“Bring. It. On.” That was how I ended my account of Week Two, confident of my ability to just nail Week Three. What the hell is wrong with me? I thought Weeks One and Two were tough but Week Three has been a new ballgame.
Of course, often the worst part of a workout is not the actual physical part but the mind games your head plays with you before and during the workout. Day One was hard, no doubt about it but if I hadn’t kept reading over the plan the day before and dreading what was to come, it probably would’ve been at least a tad bit easier. Starting off with the two mile ruck with a 30-pound rucksack was no joke. I’m just amazed by how heavy 30 pounds seems when it’s on your back and how much heavier it was than the 20 pounds from the previous weeks. During the first quarter of a mile all I could think was how on earth I could keep that up for two miles. That and how had I ever made it through the army when the rucks were heavier and the rest of you was weighted down with additional gear like Kevlars, canteens, weapon, ammo, and the like.

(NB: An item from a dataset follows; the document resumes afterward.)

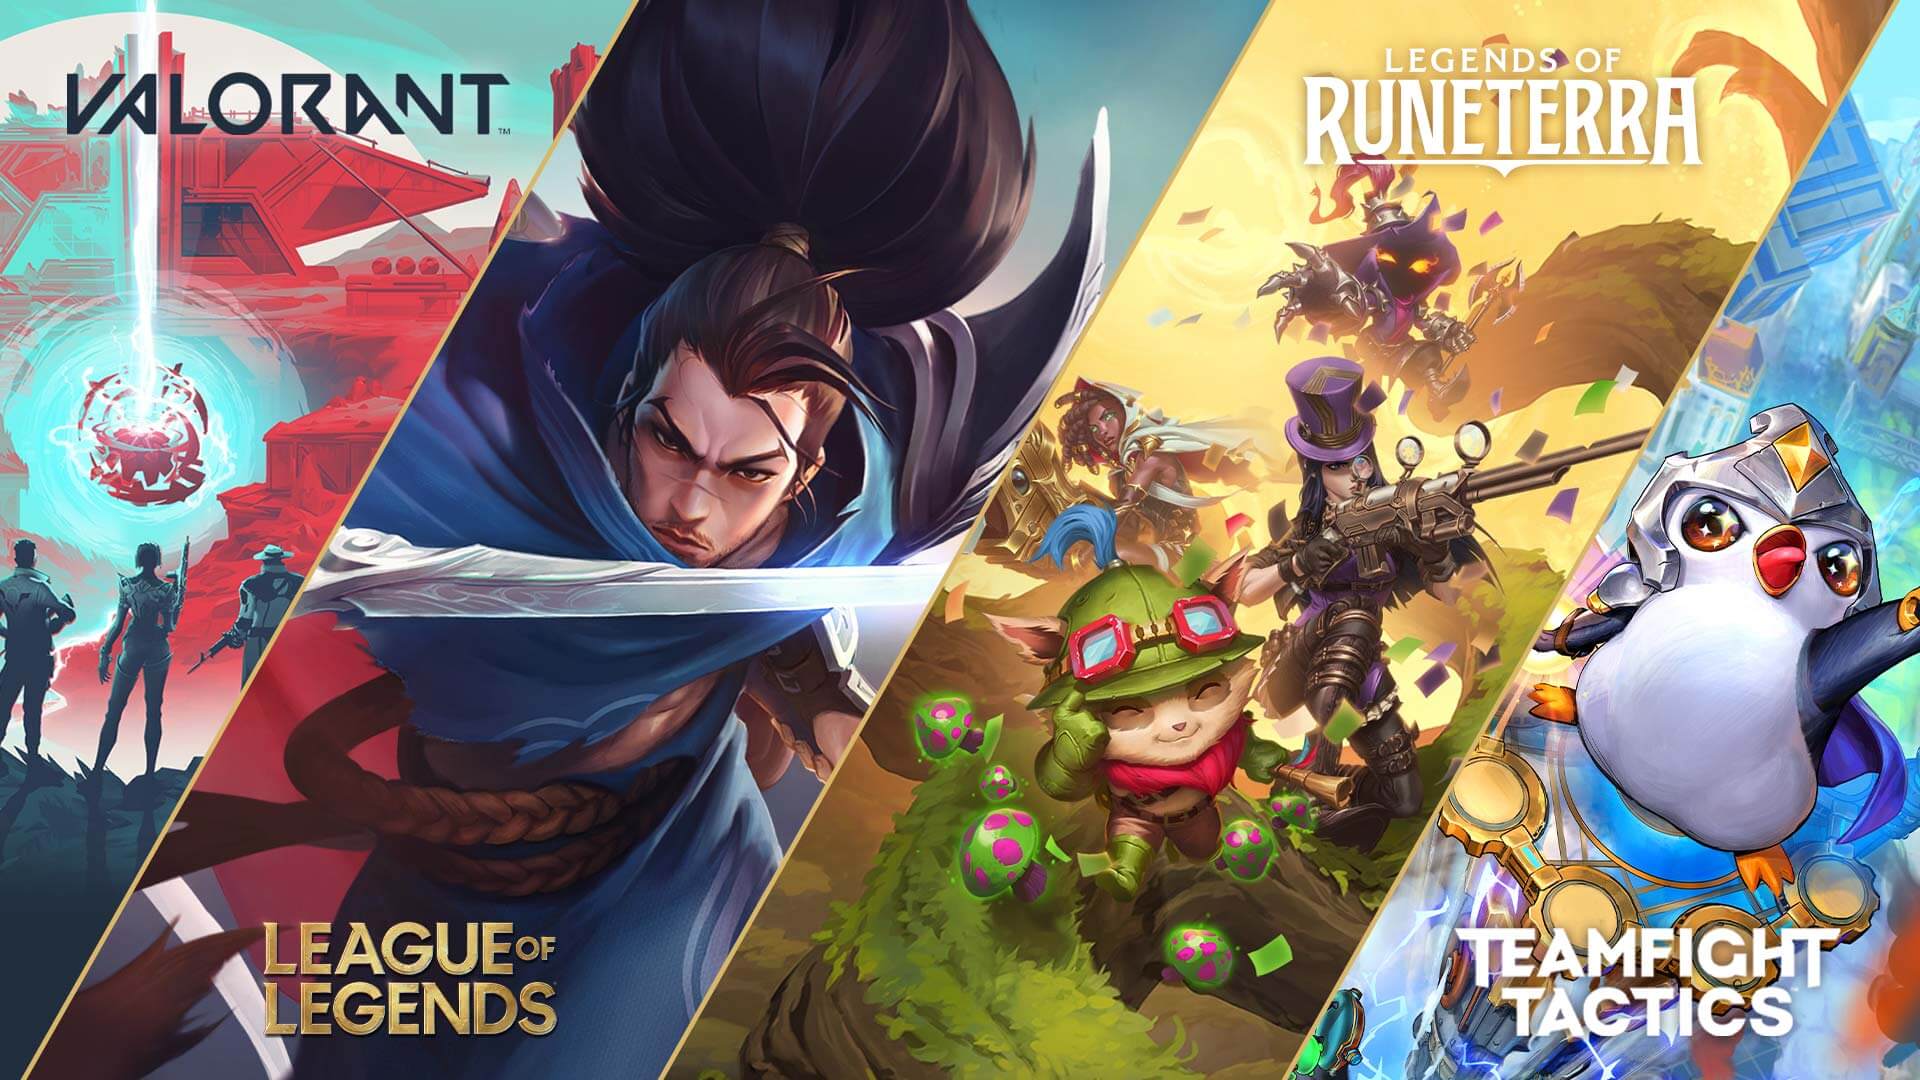 Legends Of Runeterra 2021 Gaming Wallpapers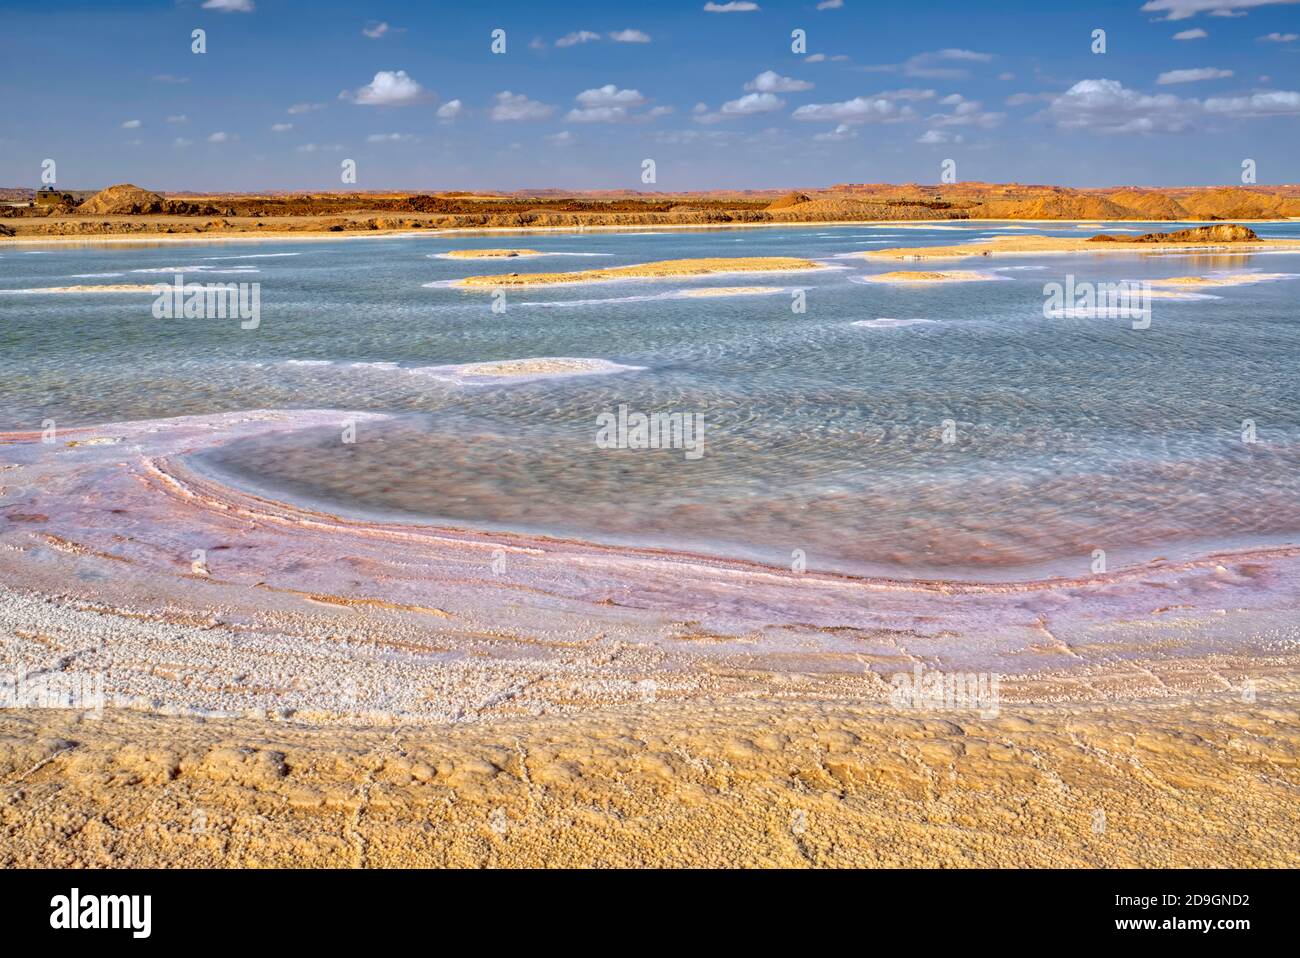 Siwa est l'une des zones les plus éloignées et les plus isolées de la pollution mondiale. Le sel extrait de Siwa est principalement connu et reconnu pour son l Banque D'Images

But I had made it through so why was I so feeling so demoralized about this little bitty old ruck? I needed an attitude adjustment and quick. I had not started the day off well, as a “non-essential” employee I had been furloughed due to the government shutdown and was feeling a bit like someone had suckered punched me in the gut. Worried about my job and worried about the jobs of my team I thought getting out to the park and getting my workout on would be just the antidote. But my doom and gloom seemed to be seeping into my exercise instead of being exorcised.
This particular morning was spectacular outside. A bright and fresh day that seemed to be tailor made for spending outdoors. I was lucky to be out in the park and here I was whining to myself that it was hard. I knew that my biggest enemy right now was me. I do that sometimes, get in my own head and convince myself that I can’t do it (too weak, or too slow, or too unathletic, or too whatever). Not often but I’m ashamed of myself when it happens. And this shit was STOOPID. This was completely within my capabilities so I needed to get over myself and get going. One trick I use a lot is to be my own little cheerleader. I’ll tell myself, “You’ve gone a quarter of a mile, next thing you know it’ll be a half mile and that means you’re a quarter of the way done!” Once I hit that halfway point I know I’ve nailed it. The logic I use here is that I’ve already proven I could do that distance so no excuses in doing it again for the second half. This works with sets too. By the time I hit the third set in a five set grouping I’m more than halfway done. So two more sets is a piece of cake. Yup, piece of cake… It’s a bit silly but it’s gotten me through more runs than I can count.
My little mind games worked once again against the naysayer in my head that lives to tell me how I can’t accomplish something. I finished the ruck and hit the gym for the rest of the workout. There were two more rucks this week but I had already shown I could do it so they didn’t stress me out so much and I got them done. Distressingly slow and with some blisters but done nonetheless.
And you know what? As good as you feel after a hard workout, you feel even better after a hard workout that you were convinced you weren’t going to be able to finish. After getting Day One over with, my attitude improved and Day Two was amazing. It was long and my muscles were quivering when it was done but I crushed it (meaning finished and not even having to modify any of the exercises) and my confidence really soared in comparison with my grumblings the day before.
Another confidence booster was a bike ride I did for some cross-training (and to keep my bike skillz, such as they are, up). It wasn’t a particularly tough ride, I mainly wanted to get my legs stretched out and maybe pedal some of the soreness away. However, since every good ride has to include at least one hill (and since hills are pretty much unavoidable anywhere around my area) I got to tackle an old friend I hadn’t seen in a few months. This hill was pretty tough. It started out all “I’m not so bad, just a long gentle slope, you’ll be fine, I promise” and when you were thinking you were almost done it took a turn and got all “Hahahaha, sucker, climb this!” But here is where the mental game comes into play again. I knew this hill, and I knew I could do it. It would suck but there was no way in hell it was ever going to win. I owned this hill. Here’s the thing though. By “owning” this hill what I usually meant was I got up and over it and my heart, although threatening to, didn’t actually explode. This week was different. I can’t say I was in danger of being ticketed for speeding by the time I got to the top but I felt amazing. My legs were sore from the endless squats and lunges and whatnot of the GoRuck training but they were also strong. I had never felt so strong going up that hill. I was still struggling some (that end bit is just not nice, bad hill!) but my struggles weren’t as hard as they had been any other time I’ve hit that hill. It inspired me and further improved my attitude.
One significant difference I noticed this week was how my body has adapted to the workouts. I’m still a bit sore afterward but it’s much milder than it was the first week. Week Three is done and I now know better than to bellow “Bring it on, Week Four!” Instead I’ll offer a cautious and polite hello. “Nice to meet you Week Four, let’s be friends.”